====== DATA PROVIDED ======

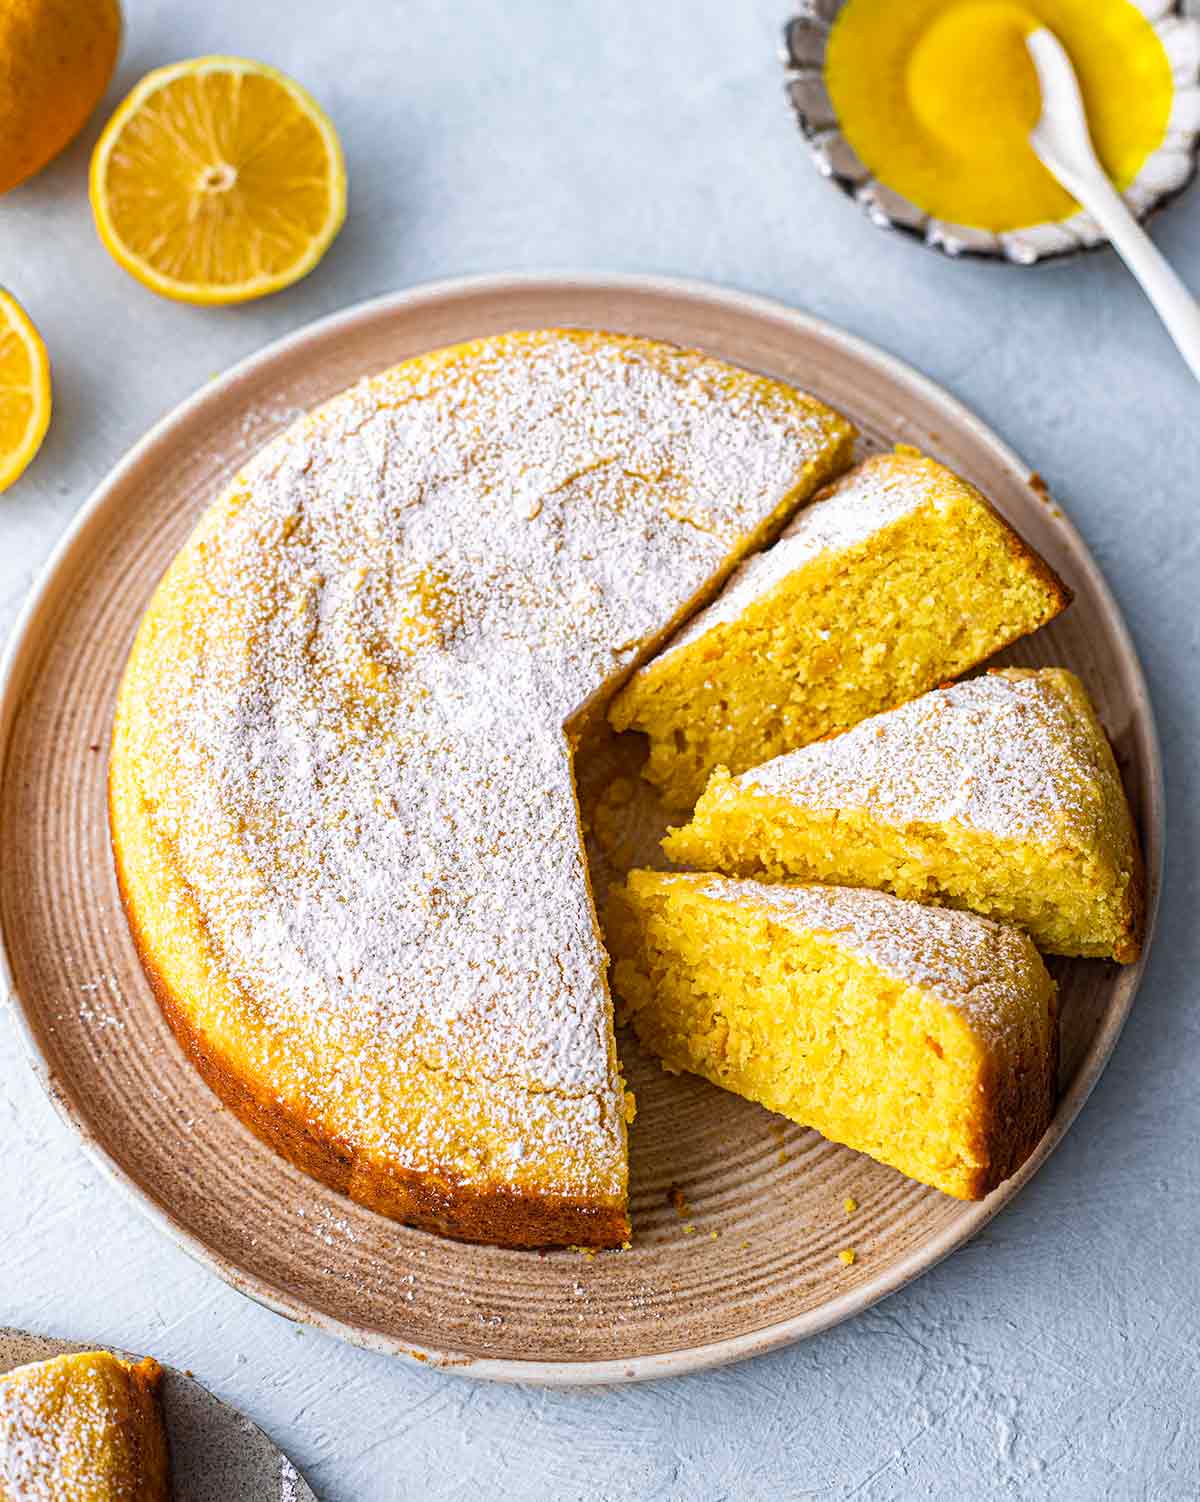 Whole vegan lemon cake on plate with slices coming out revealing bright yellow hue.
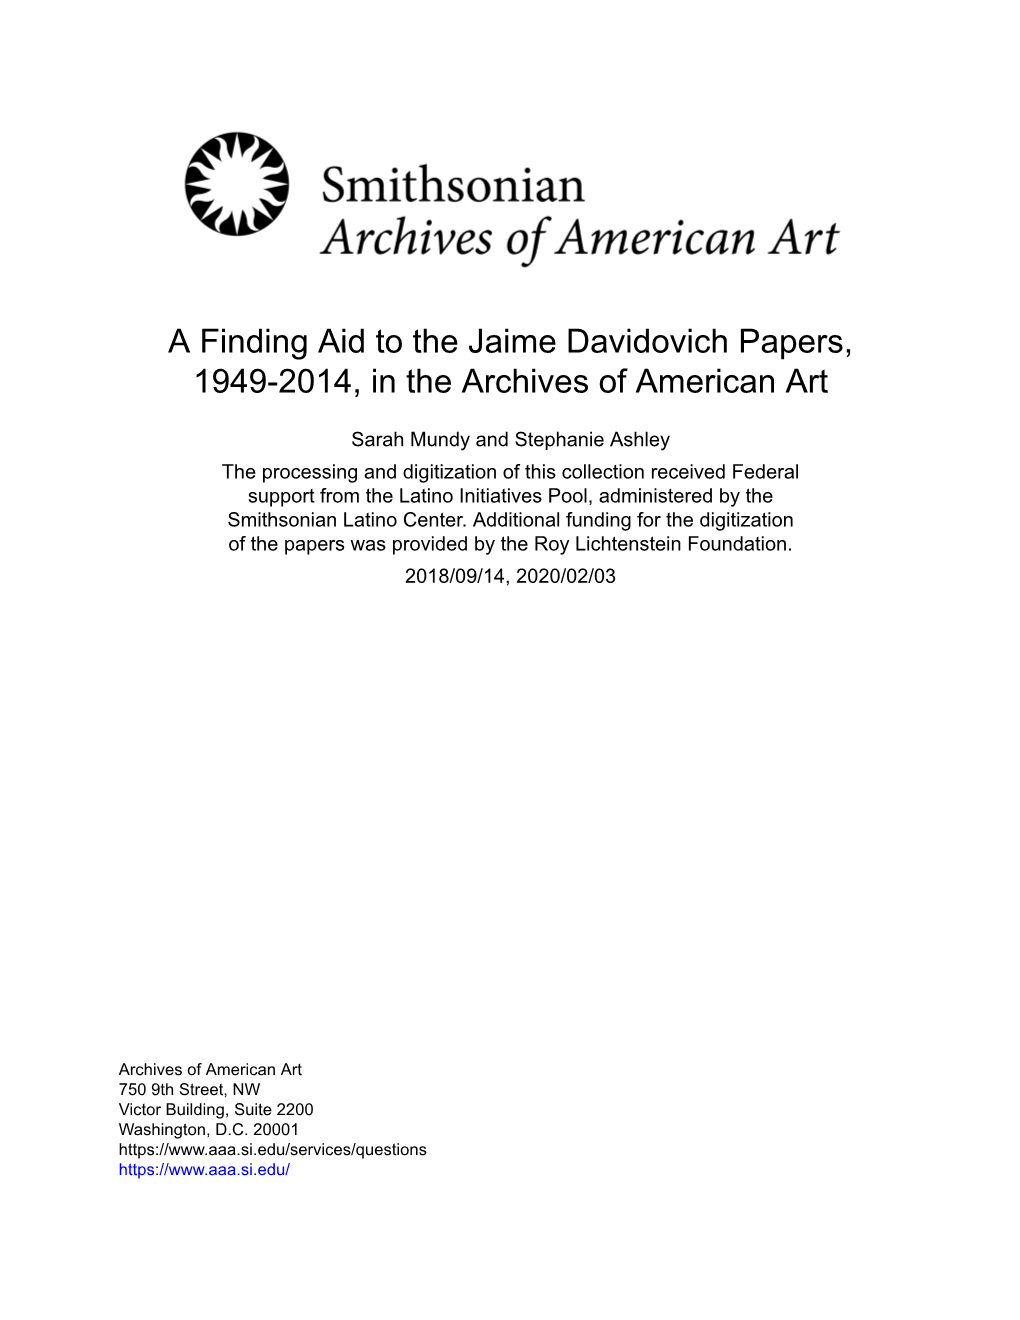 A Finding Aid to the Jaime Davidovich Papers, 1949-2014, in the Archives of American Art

======
====== DATA PROVIDED ======

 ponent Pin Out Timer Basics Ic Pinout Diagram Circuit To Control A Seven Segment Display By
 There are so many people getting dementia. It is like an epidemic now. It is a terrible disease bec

======

→ **AIM OF THE TASK**
Among the records above, repeat exactly the line with "ponent Pin Out", the line with "There are so", and every line in between, and only those.

→ **EXERCISE OUTPUT**
 ponent Pin Out Timer Basics Ic Pinout Diagram Circuit To Control A Seven Segment Display By
 There are so many people getting dementia. It is like an epidemic now. It is a terrible disease bec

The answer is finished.